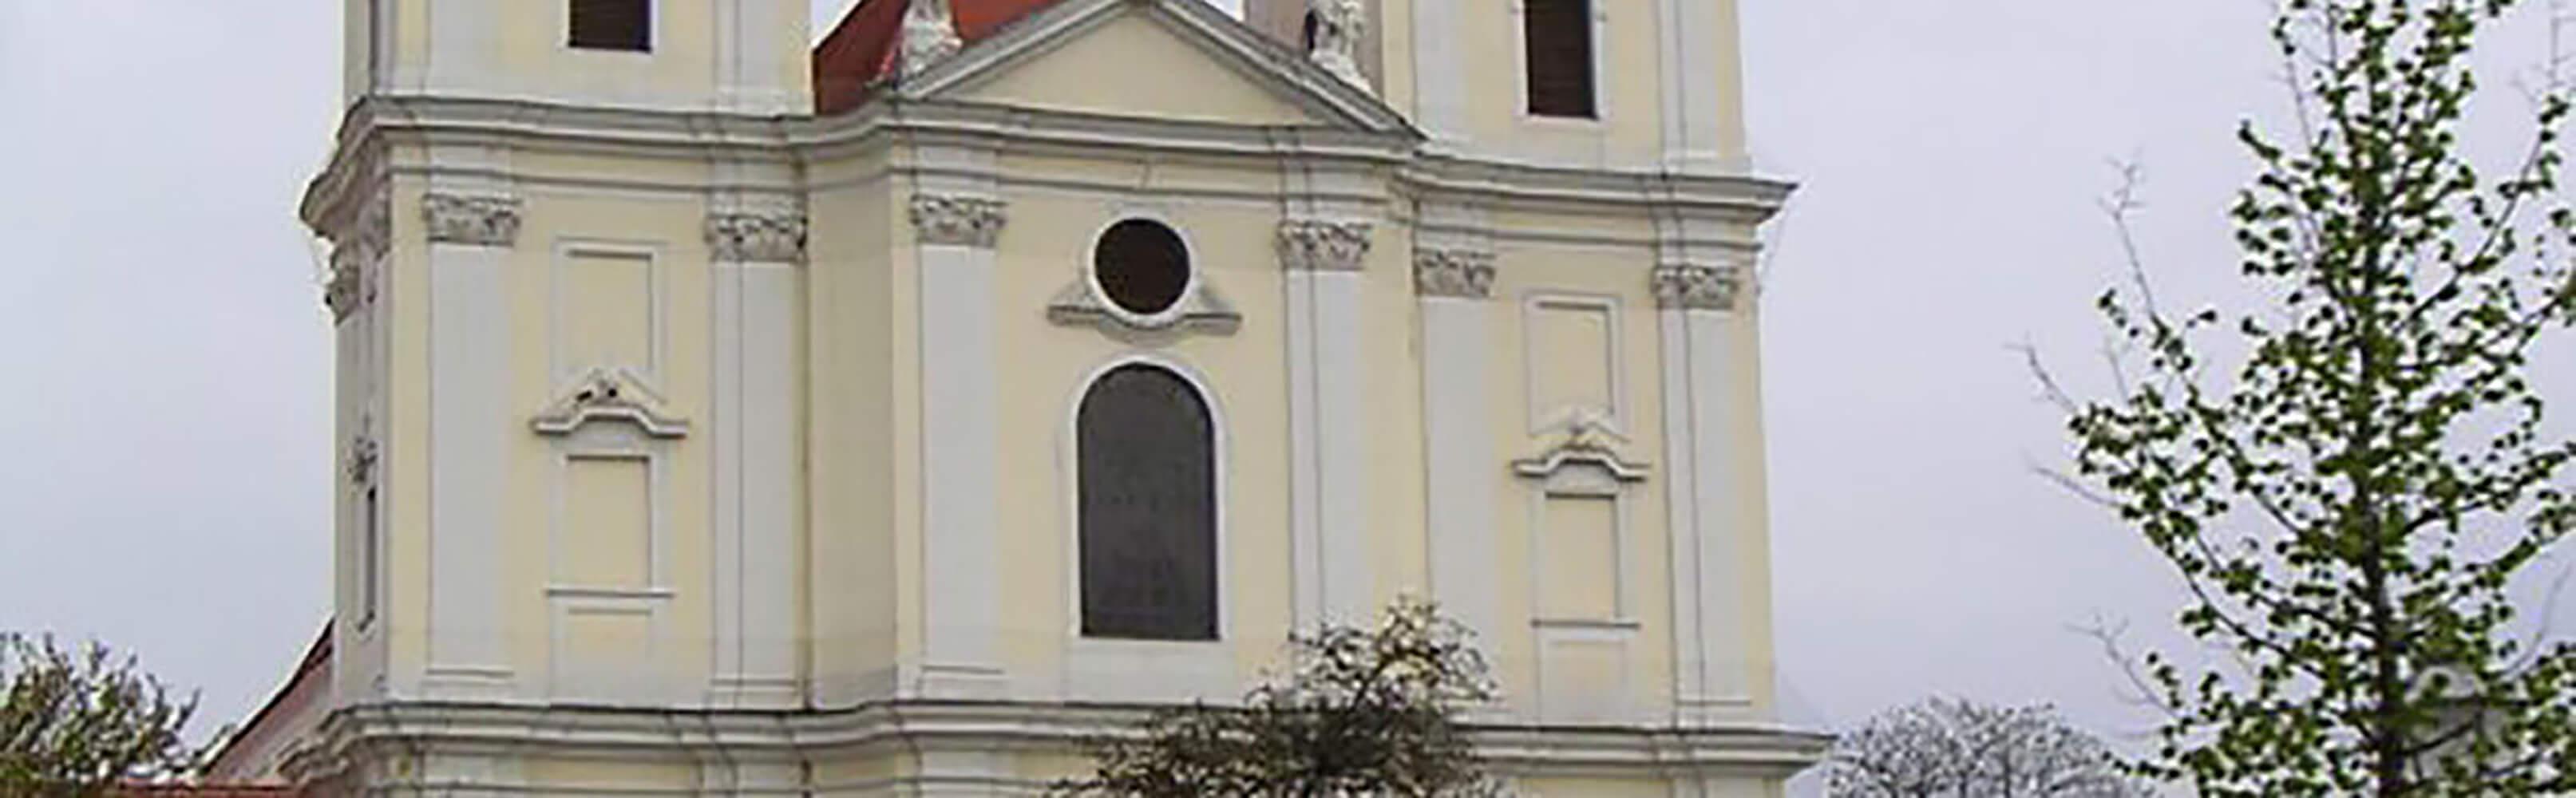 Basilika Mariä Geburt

--

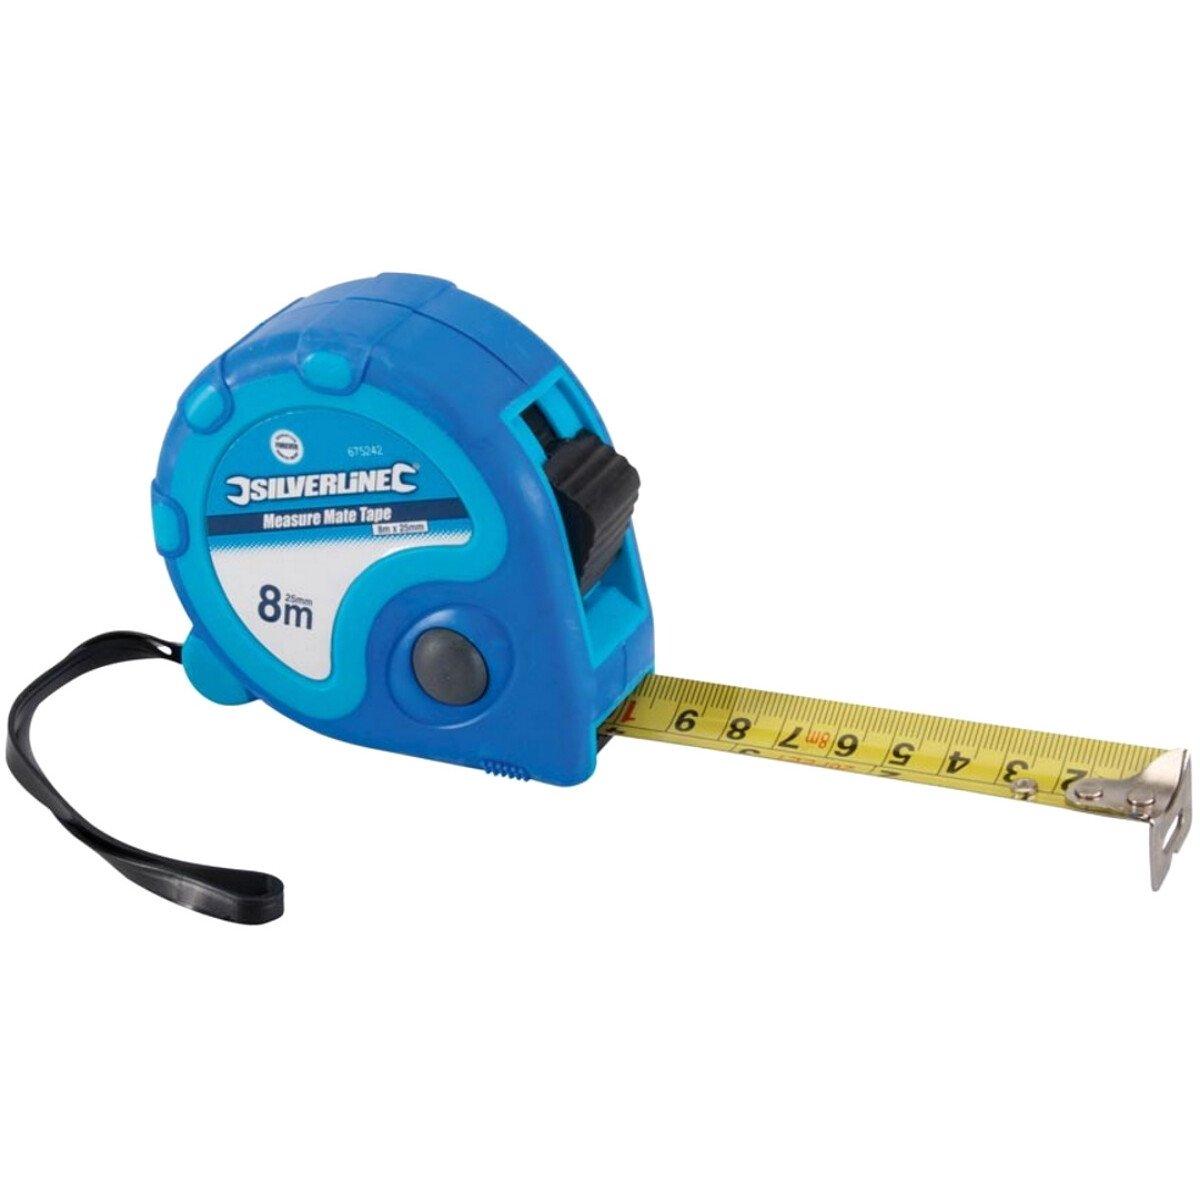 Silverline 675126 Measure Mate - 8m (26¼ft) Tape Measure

...

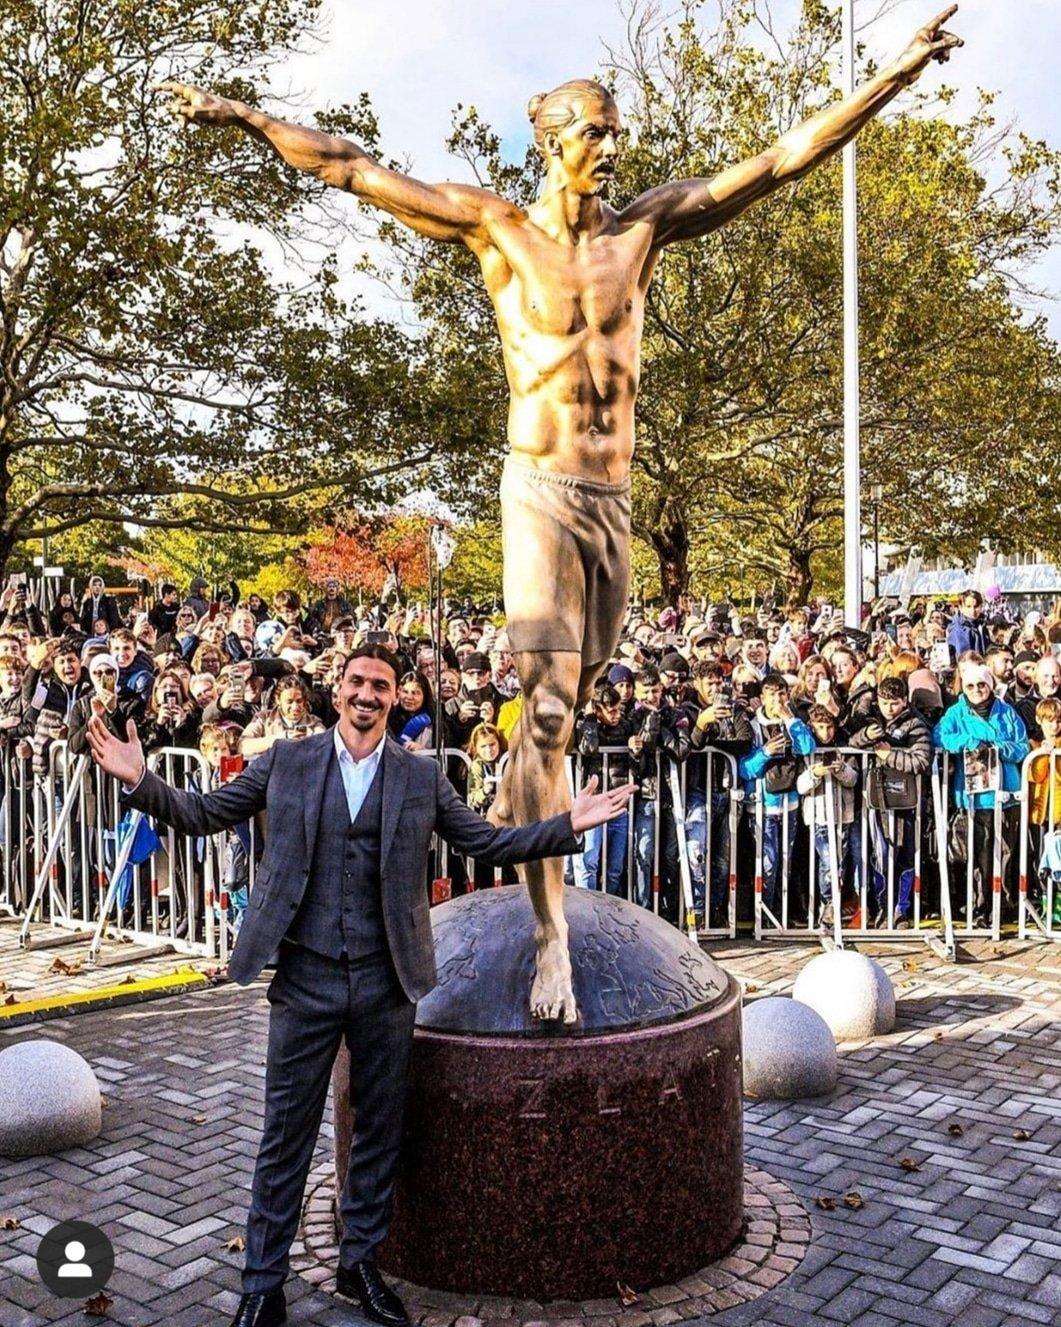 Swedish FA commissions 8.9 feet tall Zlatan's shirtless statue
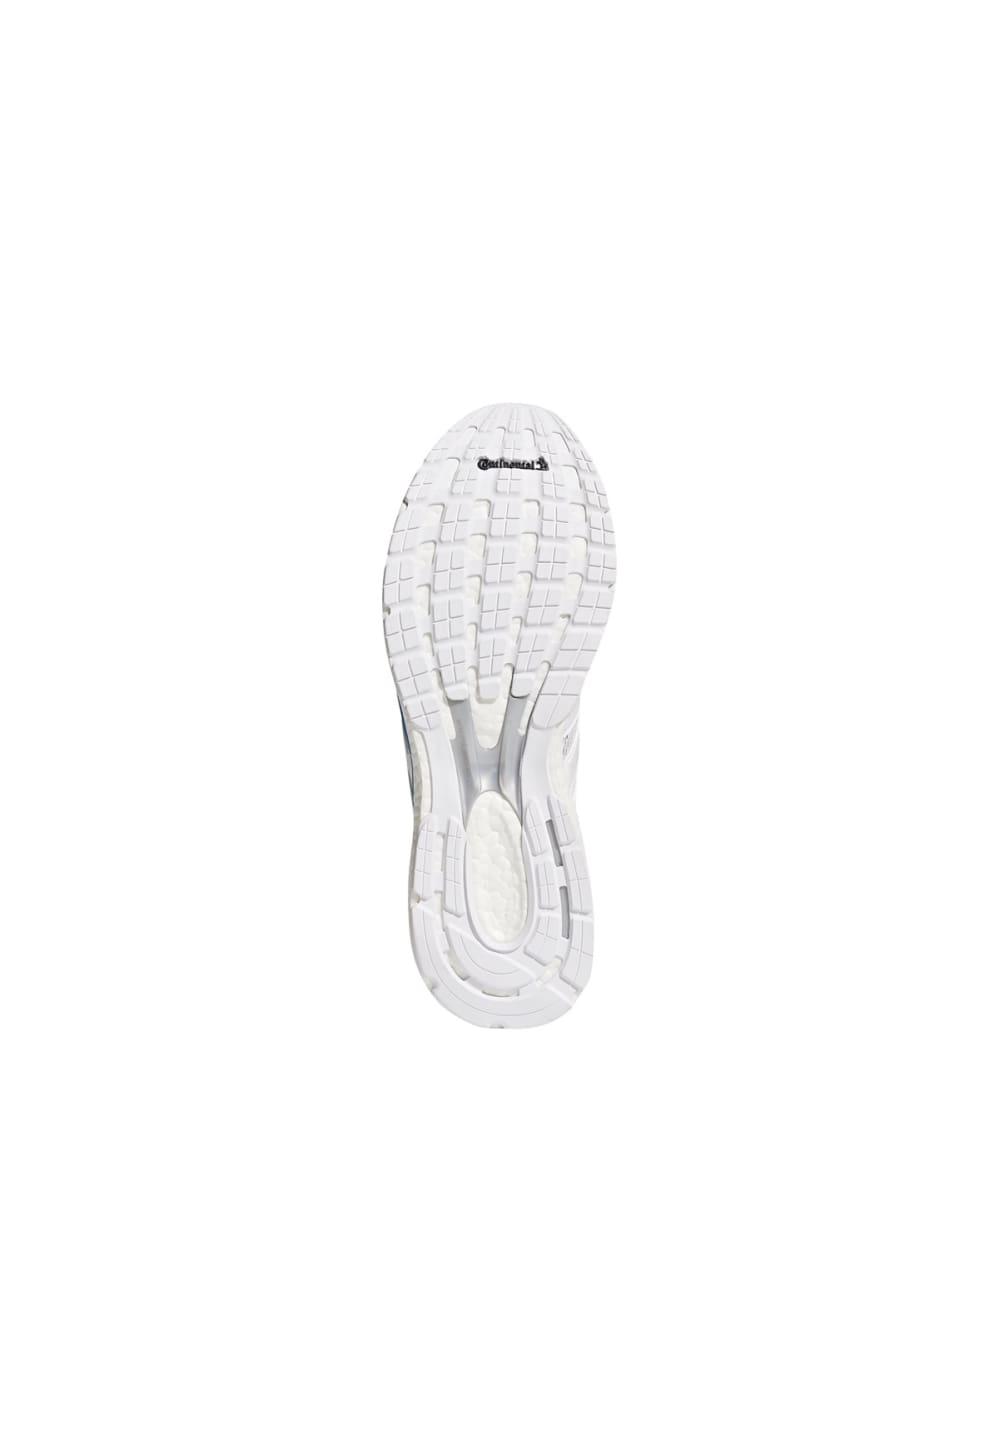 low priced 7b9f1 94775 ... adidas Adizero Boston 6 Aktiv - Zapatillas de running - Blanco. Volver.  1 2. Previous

#### THE PROBLEM
Print, exactly, each line above from the one with "Swedish FA commissions" to the one with "low priced 7b9f1", end lines included. Leave pictures out of it.

#### FINISHED TASK
 Swedish FA commissions 8.9 feet tall Zlatan's shirtless statue
 low priced 7b9f1 94775 ... adidas Adizero Boston 6 Aktiv - Zapatillas de running - Blanco. Volver.  1 2. Previous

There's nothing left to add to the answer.